> [Assignment]: From the line that holds "Manure spreader on" to the last line below, retype everything exactly and nothing else; omit pictures.

--- Data for analysis ---

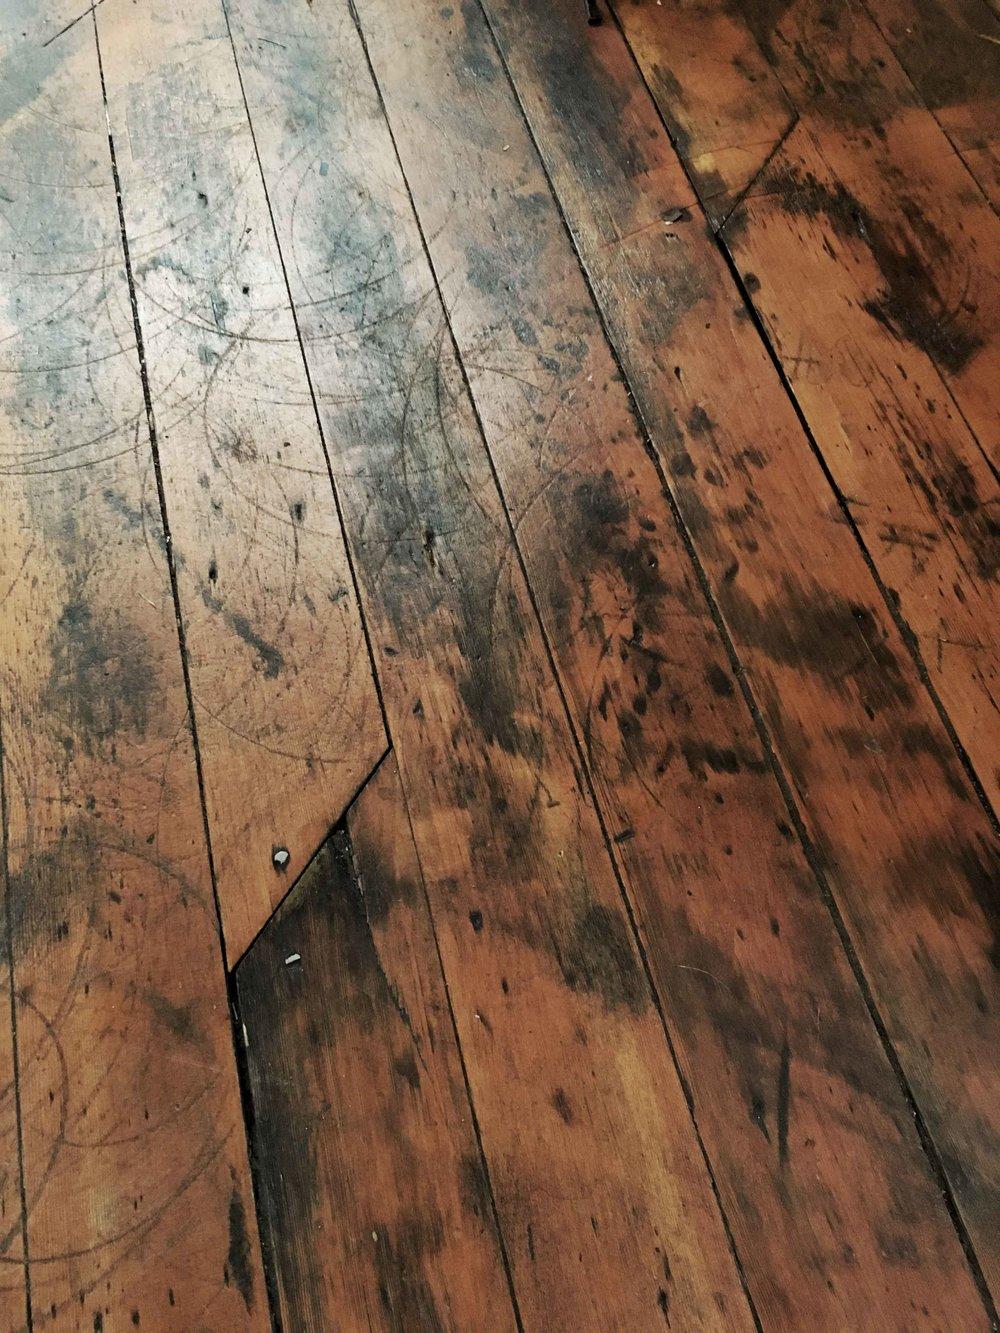 Scratched up hardwood floors
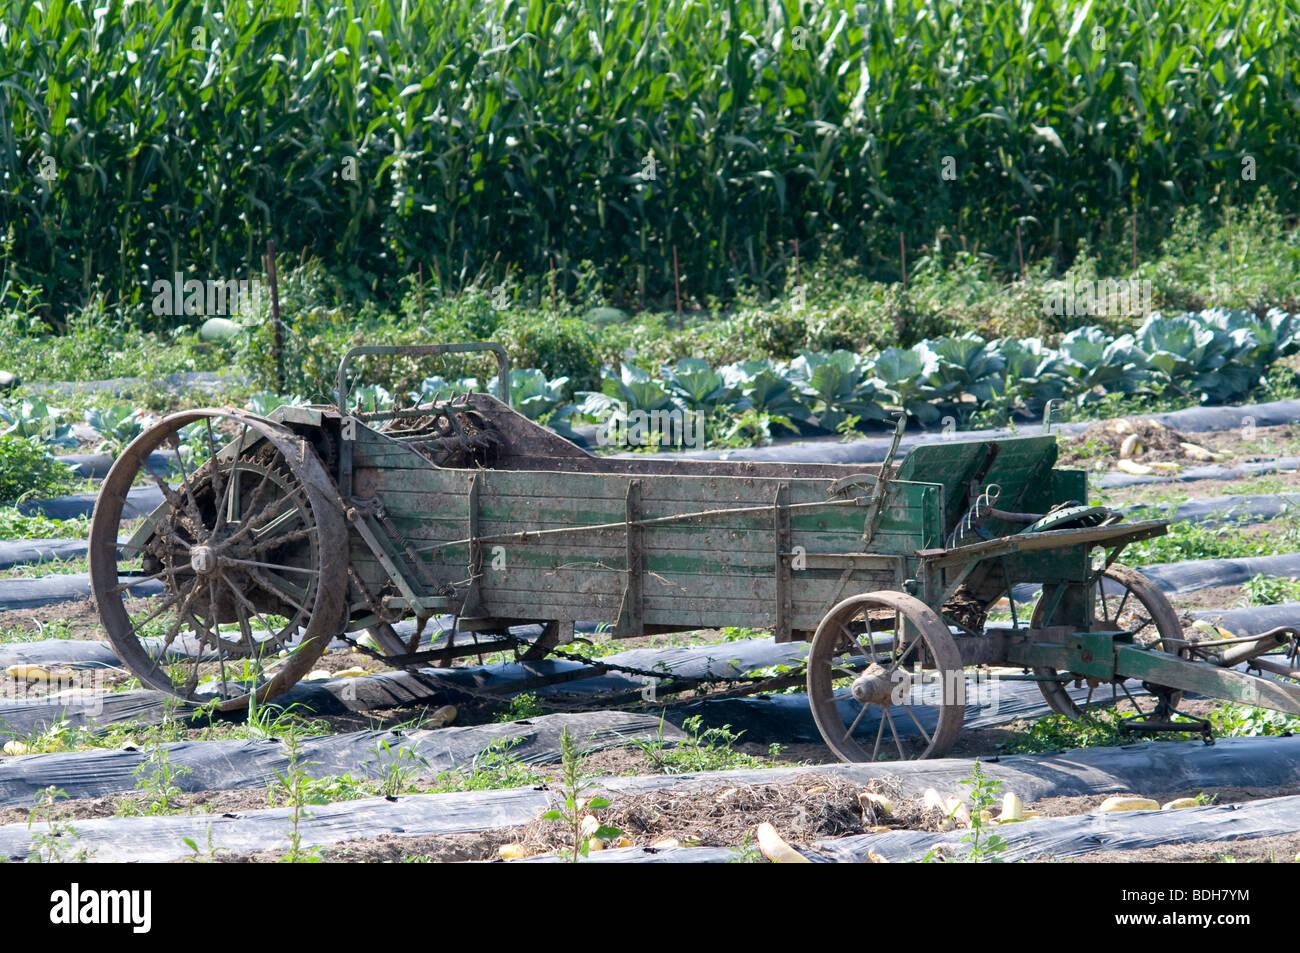 Manure spreader on Amish farm in Ohio - Stock Image
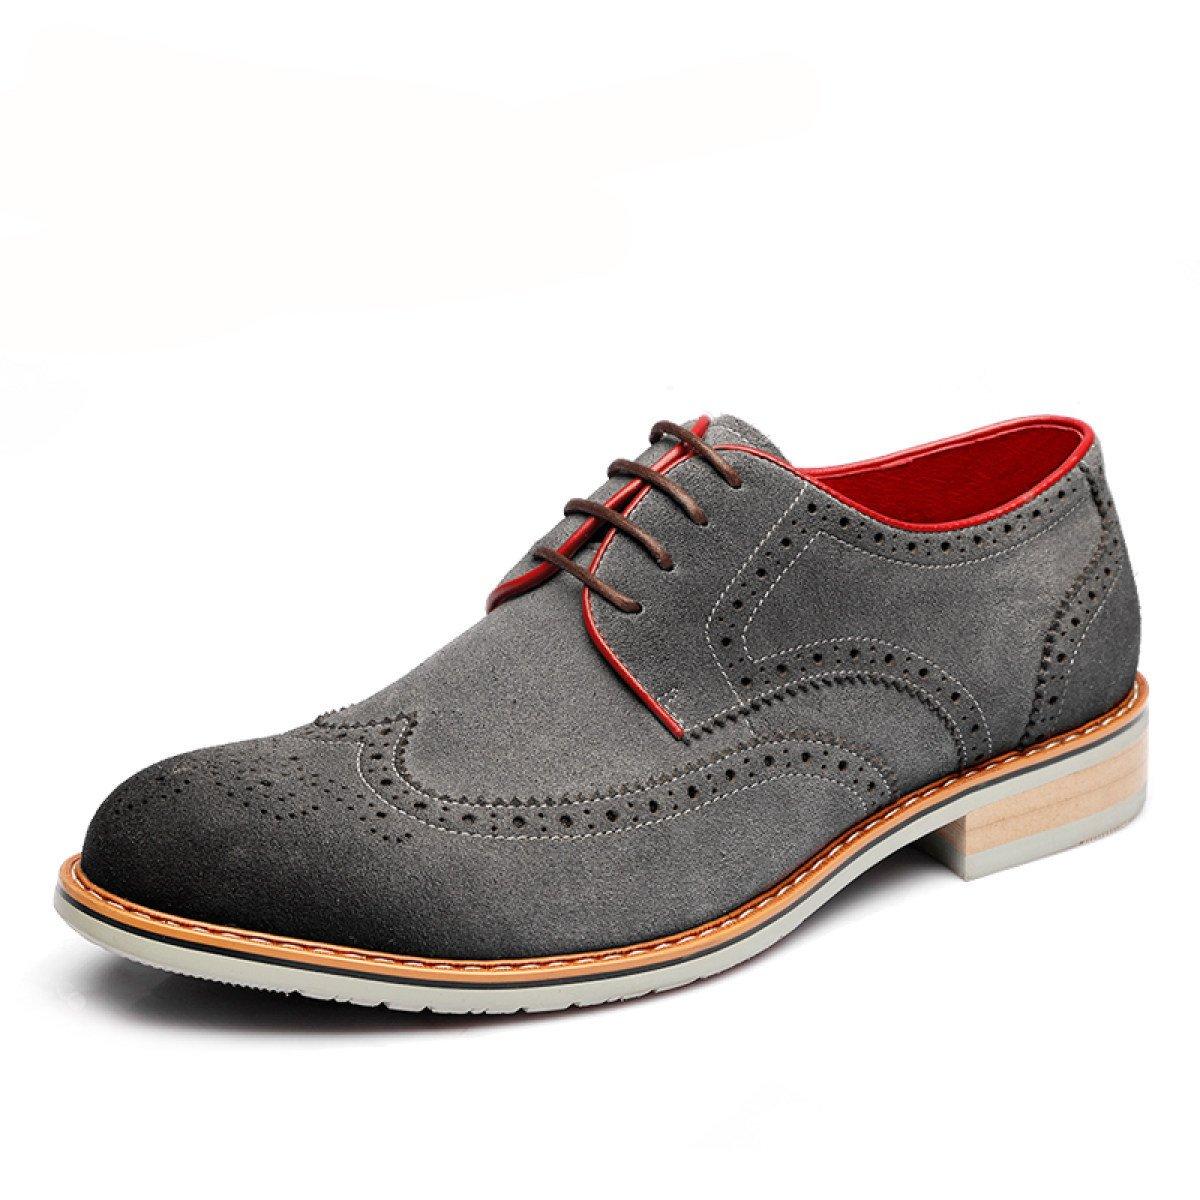 GRRONG Herren Brock Geschnitzt Tauml;gliche Beilauml;ufige Schuhe Trend-Schuhe  43|Grey
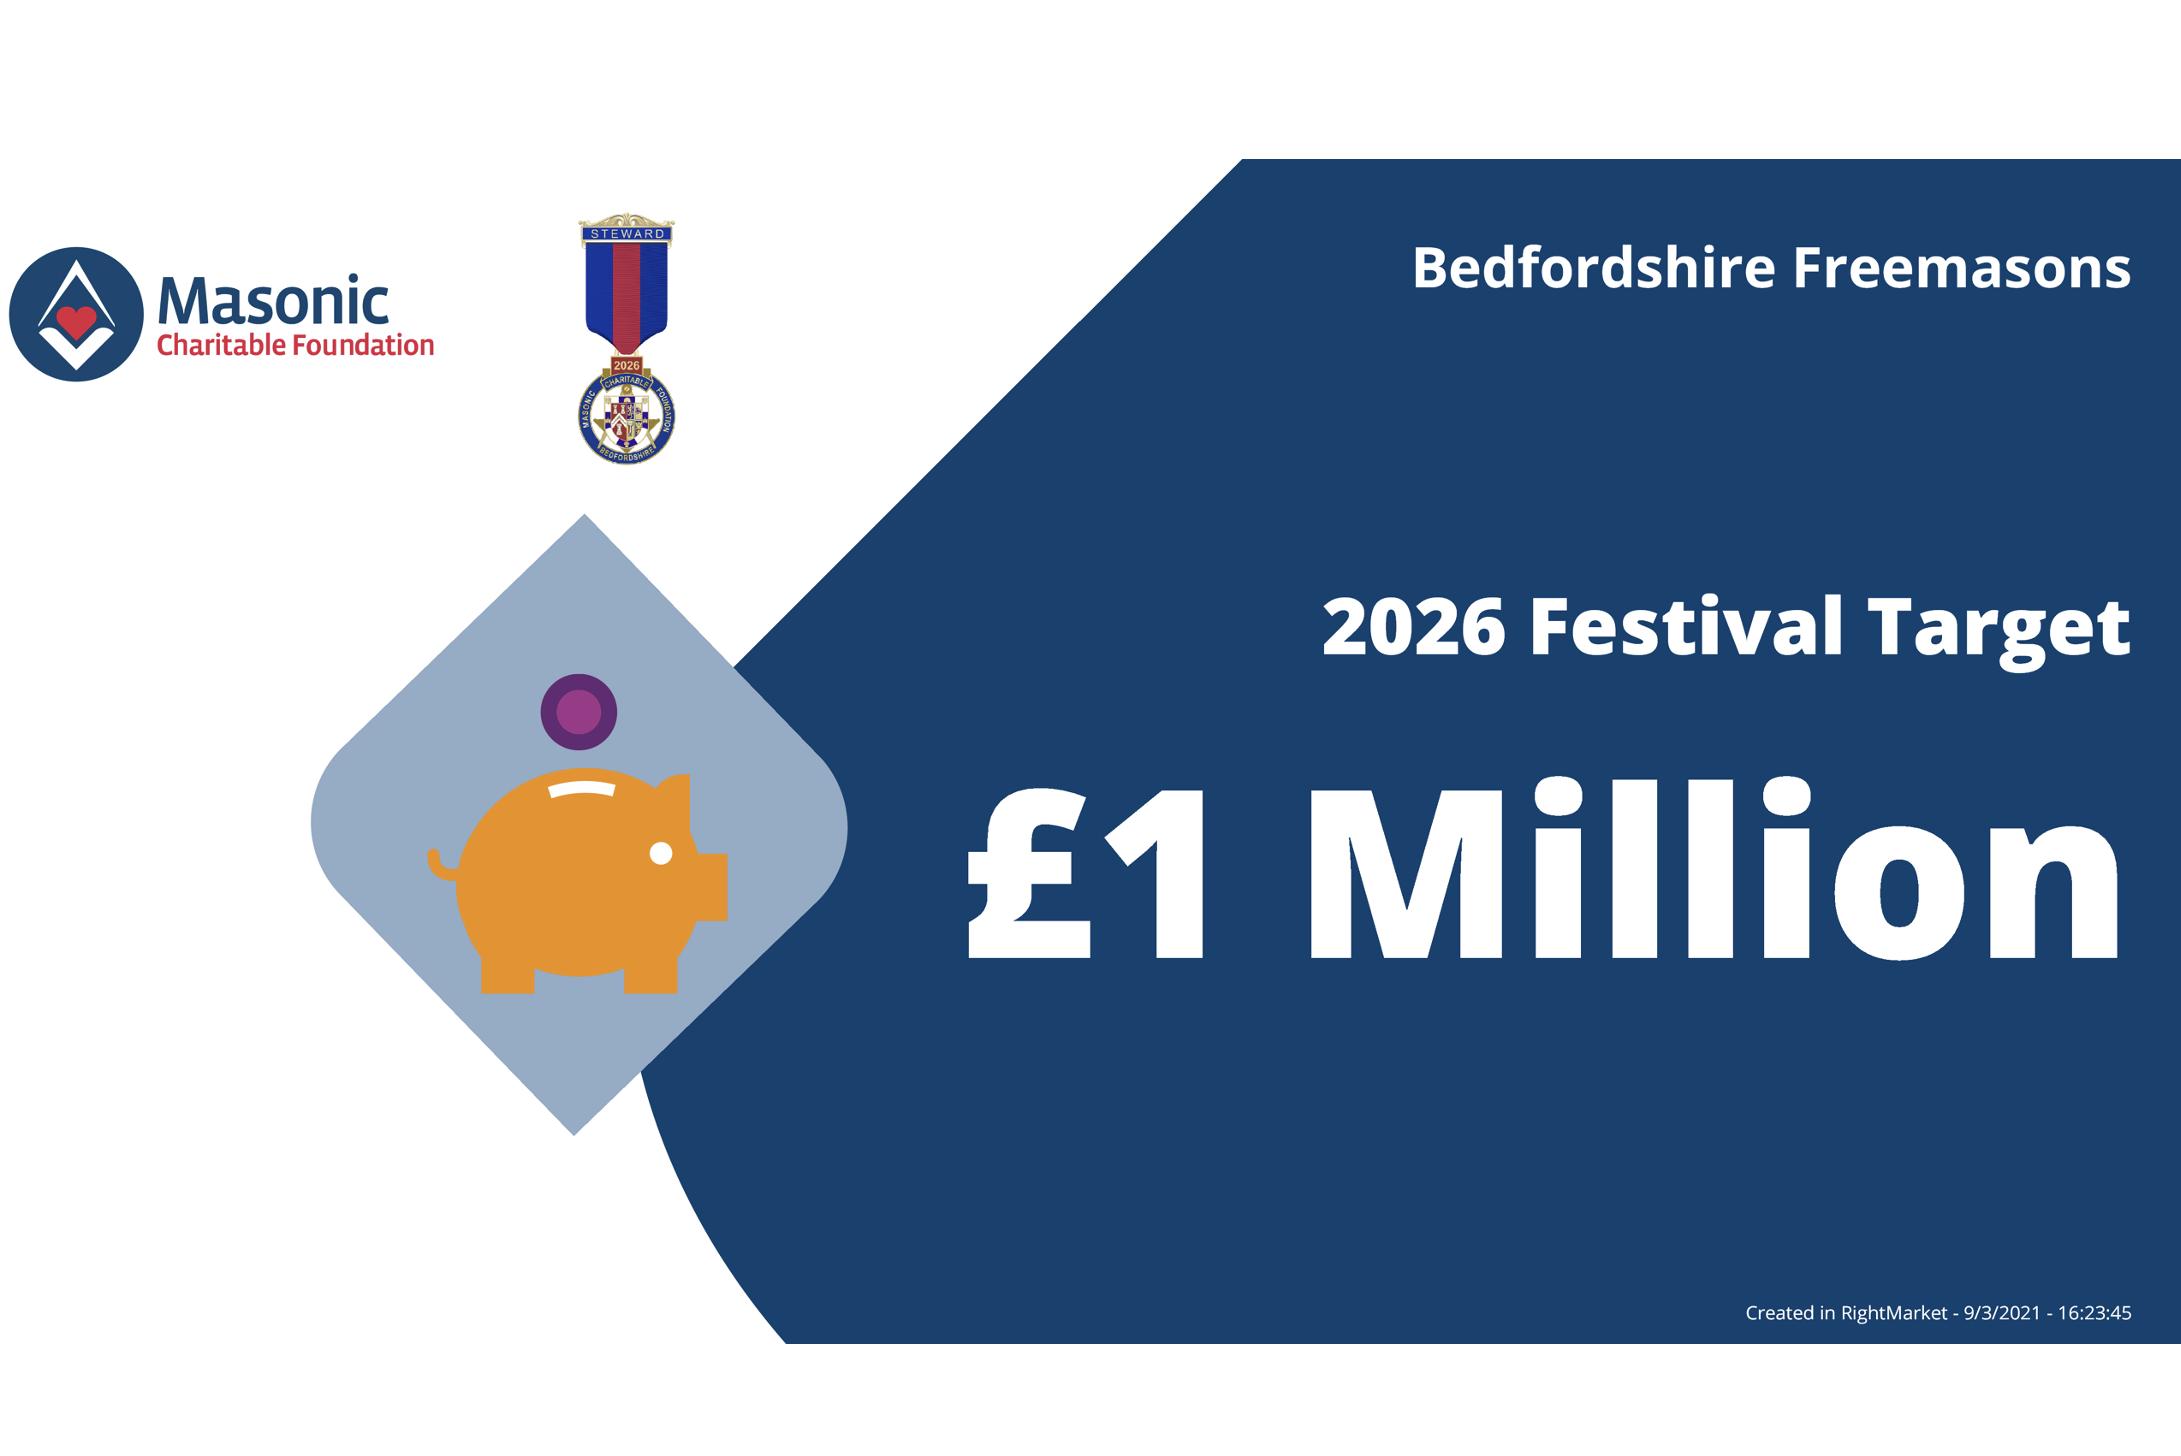 Bedfordshire Set £1 Million Festival Target
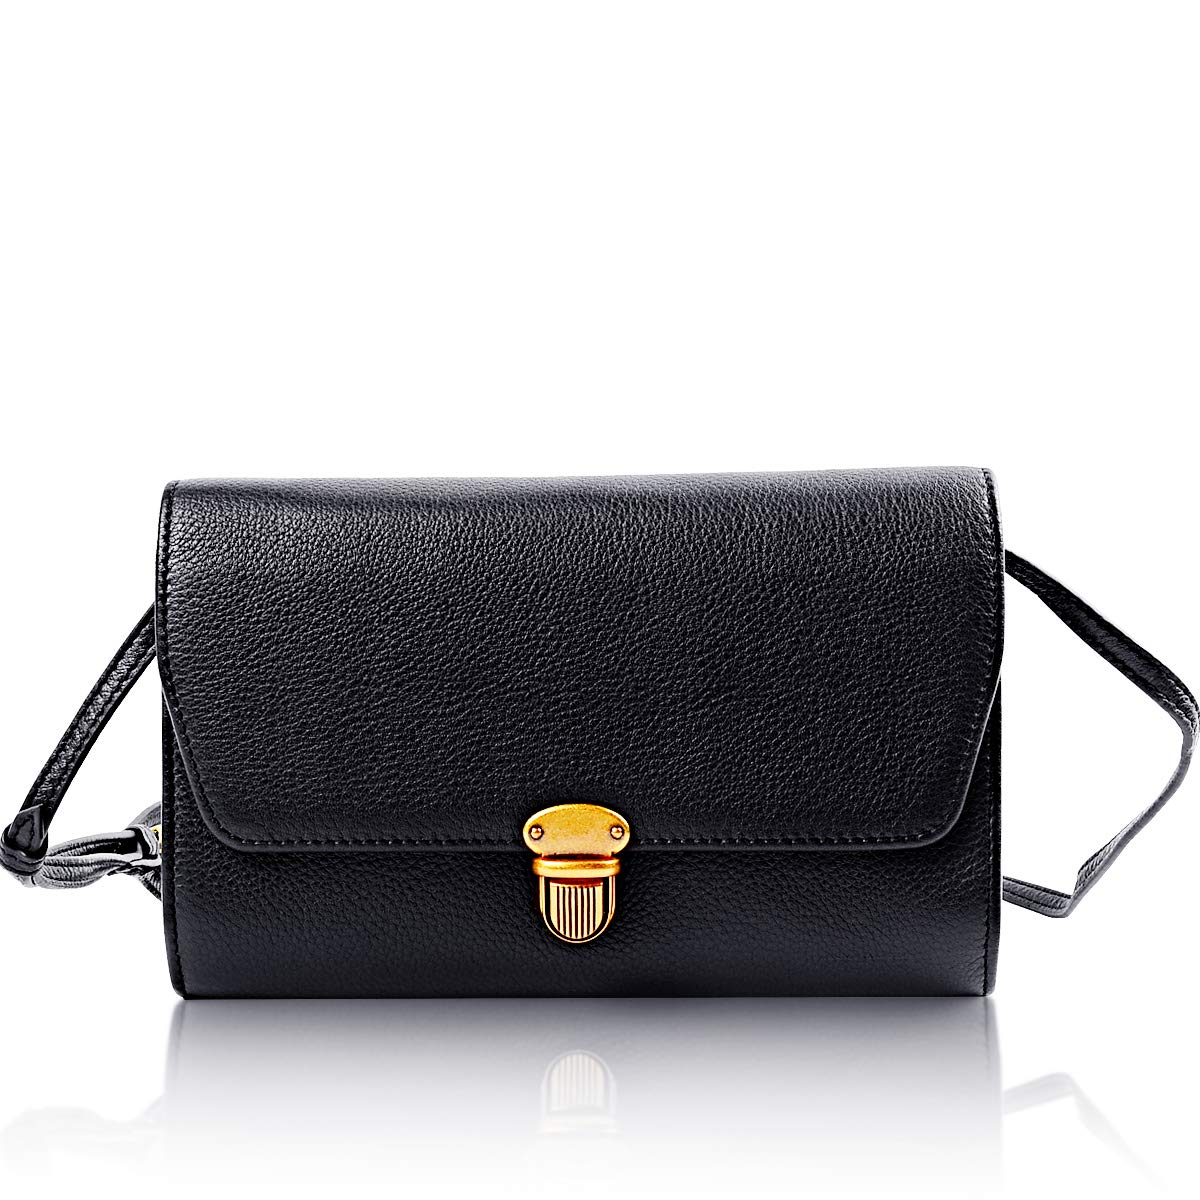 Genuine Leather Crossbody Bag, Women Leather Handbag Purse Clutch Envelope Bag, Party Ball Evening Bag

---

> [Answer space]:
 Manure spreader on Amish farm in Ohio - Stock Image
 GRRONG Herren Brock Geschnitzt Tauml;gliche Beilauml;ufige Schuhe Trend-Schuhe  43|Grey
 Bedfordshire Set £1 Million Festival Target
 Genuine Leather Crossbody Bag, Women Leather Handbag Purse Clutch Envelope Bag, Party Ball Evening Bag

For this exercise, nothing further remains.